Exercise instructions =
Set down the whole listing below exactly, without pictures.

Supplied data =
___

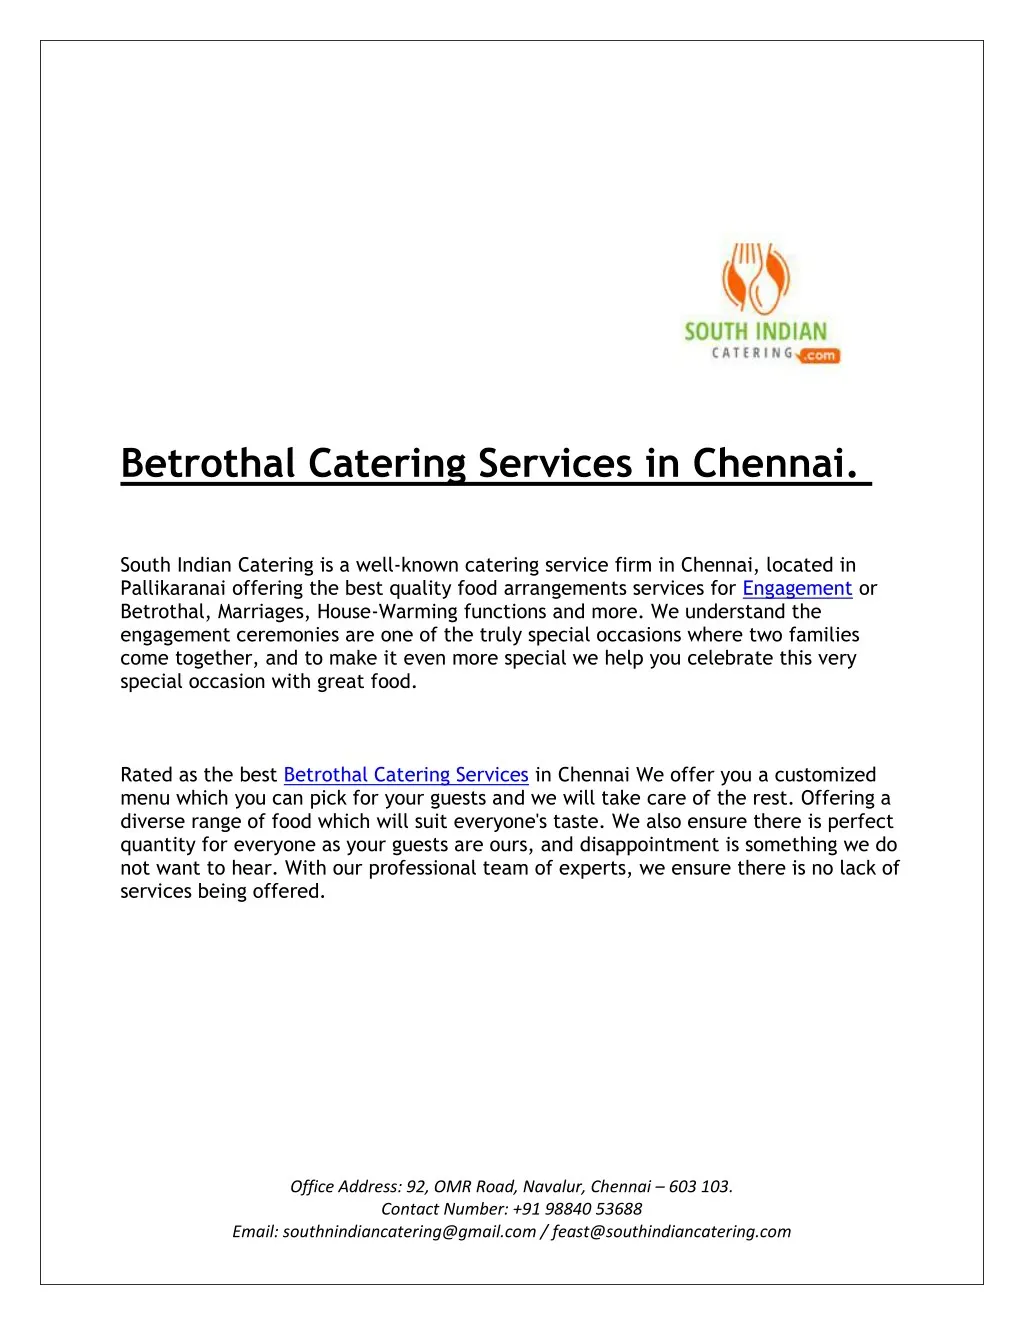 betrothal catering services in chennai south
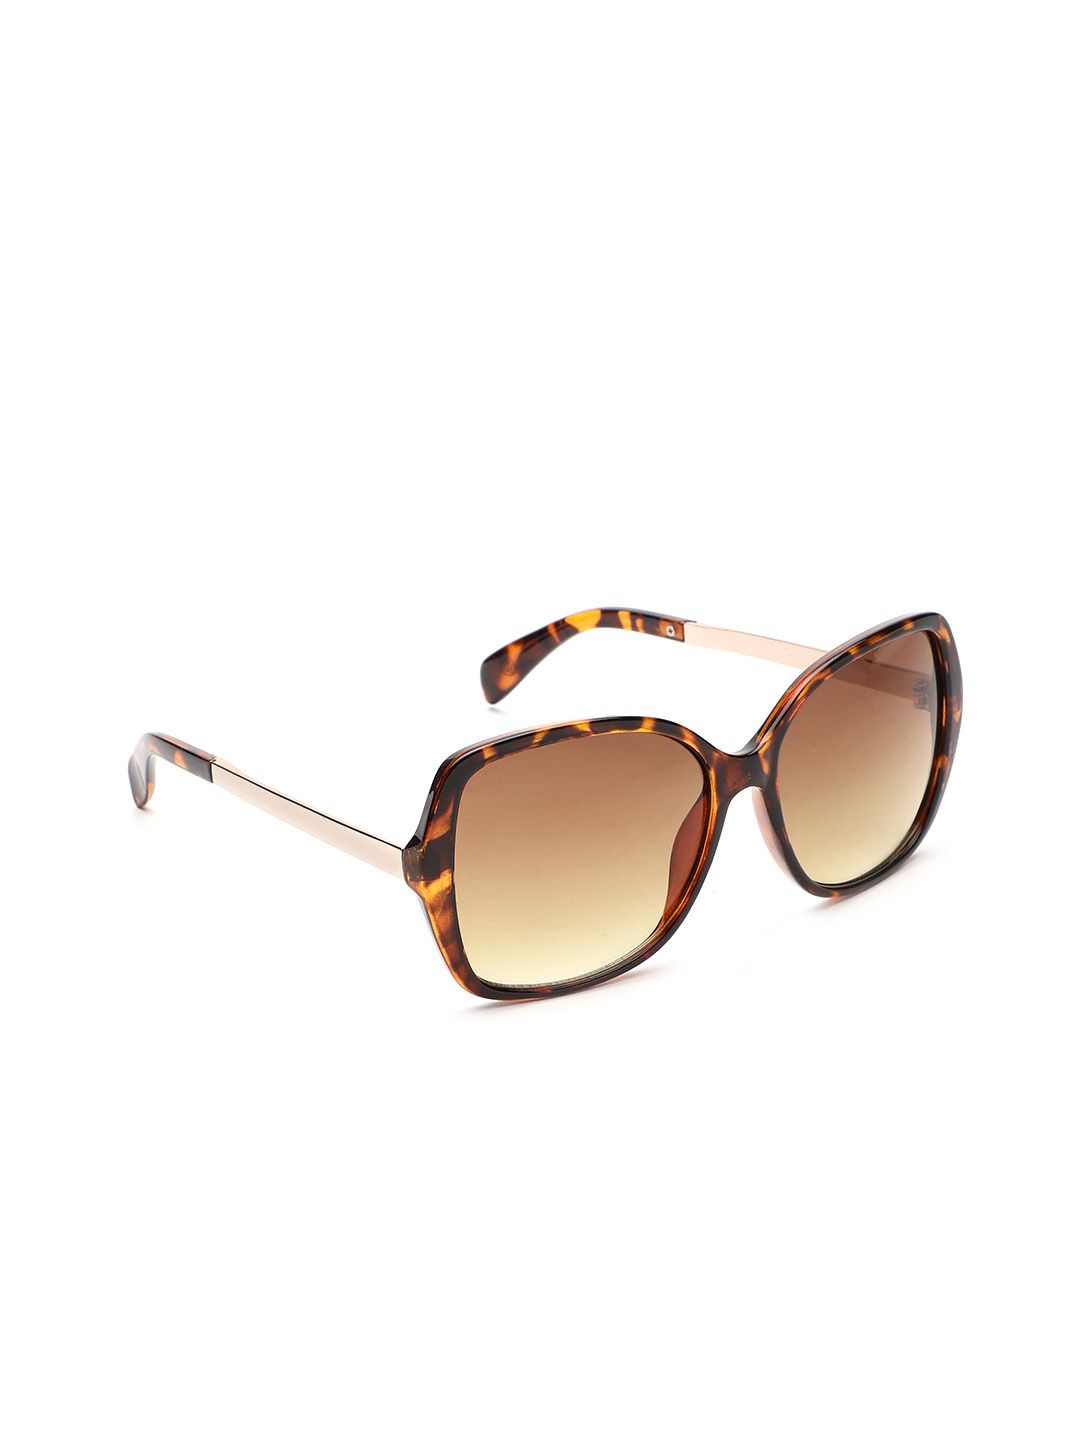 Carlton London Women Yellow Lens & Brown Oversized Sunglasses UV Protected Lens CLSW007 Price in India
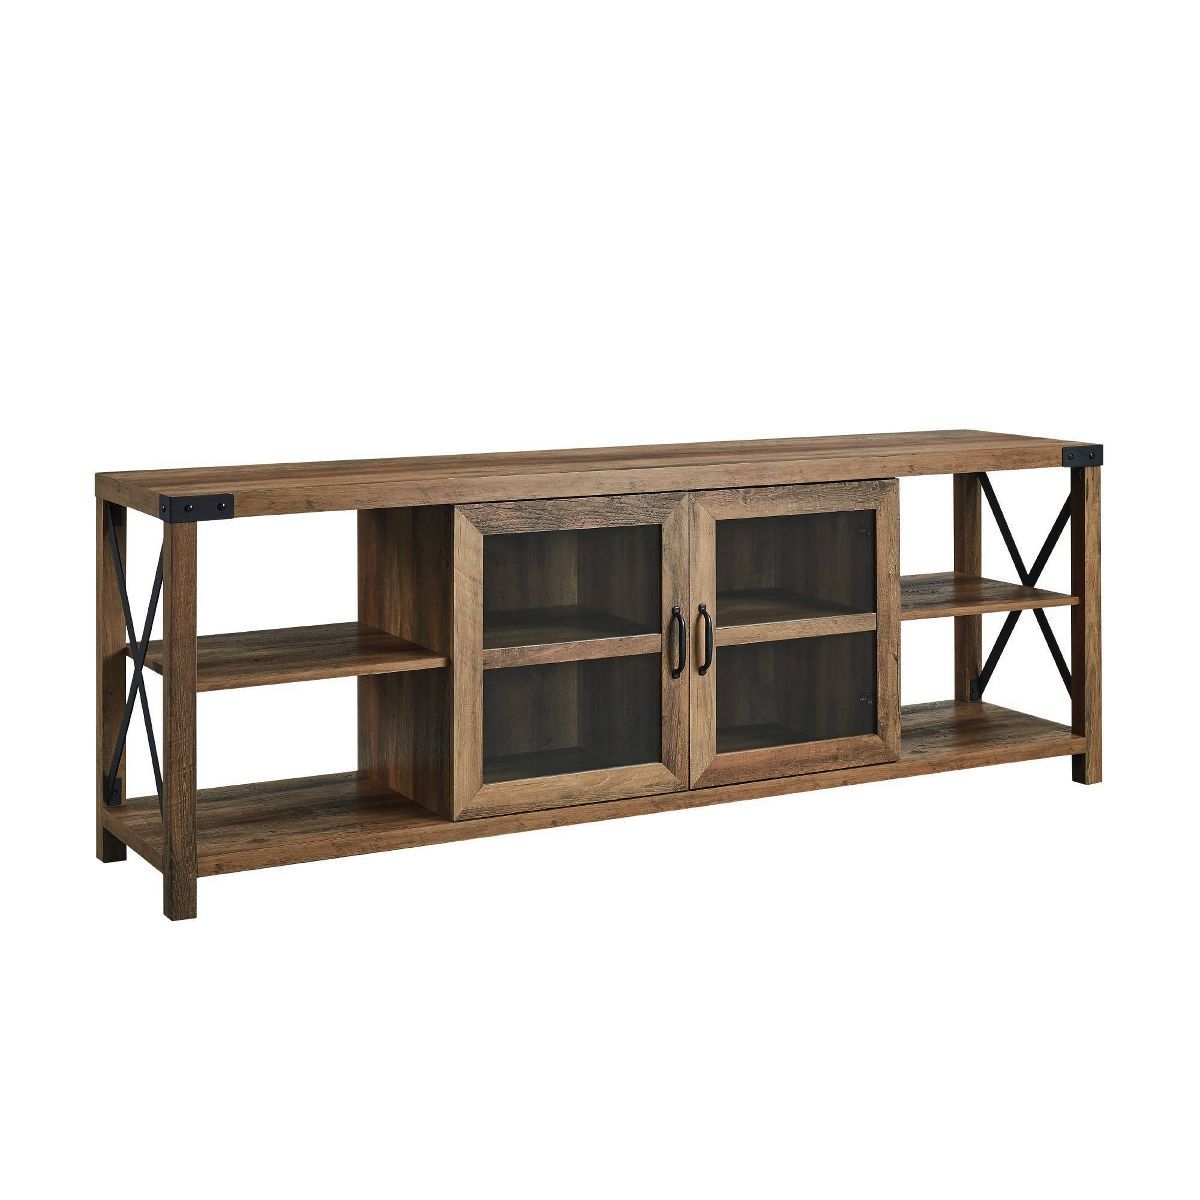 Sophie Rustic Farmhouse X Frame Glass Doors TV Stand for TVs up to 80" Rustic Oak - Saracina Home | Target

___

Task solution =
 betrothal catering services in chennai south
 Carlton London Women Yellow Lens & Brown Oversized Sunglasses UV Protected Lens CLSW007 Price in India
 Sophie Rustic Farmhouse X Frame Glass Doors TV Stand for TVs up to 80" Rustic Oak - Saracina Home | Target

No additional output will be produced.